Sisi Stringer is an Australian actress best known for playing the lead role as Rose Hathaway in Vampire Academy.

==Early life==
Stringer was born in Byron Bay on 10 January 1997. In 2018, she graduated from Queensland University of Technology where she received a Bachelor degree in Fine Arts for her acting.

==Career==
Stringer’s acting career started when played the role of Little Inez in a Queensland Performing Arts Centre production of Hairspray when she was 17. Stringer made her on screen debut in the horror film Children of the Corn. Stringer then appeared in the Australian comedy horror Bloody Hell. Stringer’s first big role came when she played Mileena in the new Mortal Kombat film Stringer’s biggest role of her career so far was playing Rose Hathway, the main character in the Peacock television series Vampire Academy.

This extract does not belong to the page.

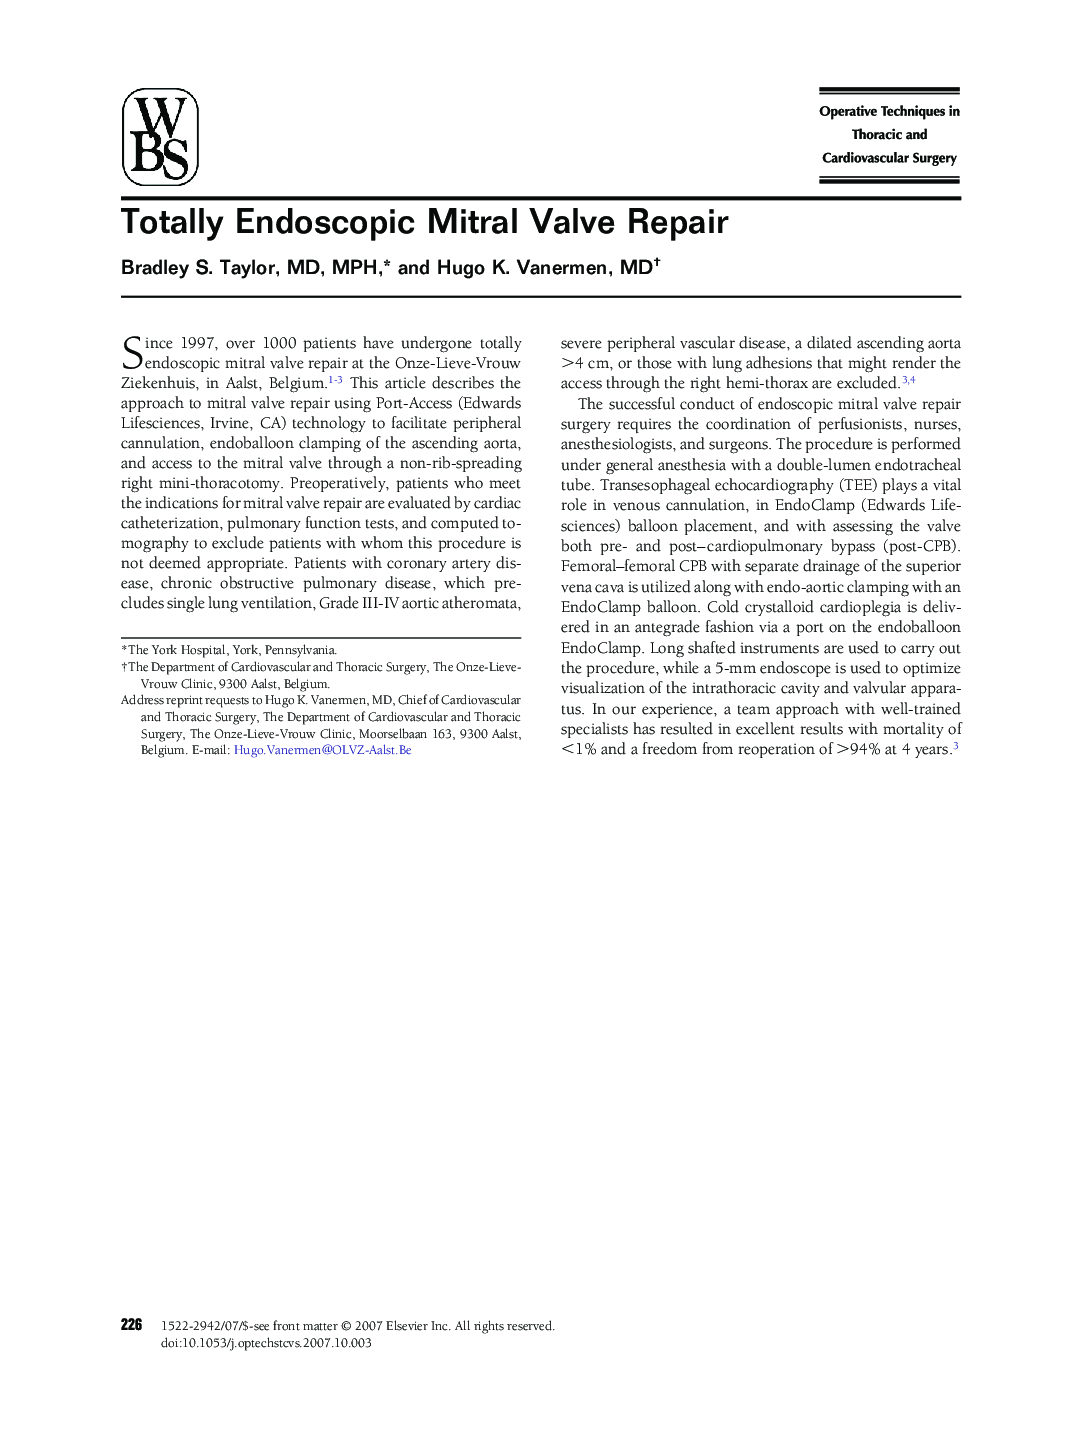 Totally Endoscopic Mitral Valve Repair

Stringer has most recently starred in the mystery thriller Force of Nature: The Dry 2

==Personal life==
She was previously in a relationship with actor Joe Klocek.

==Filmography==
===Film===
- Force of Nature: The Dry 2 (2024)
- Vampire Academy (2022)
- Carnifex (2022)
- Mortal Kombat (2021)
- Bloody Hell (2020)
- Children of the Corn (2020)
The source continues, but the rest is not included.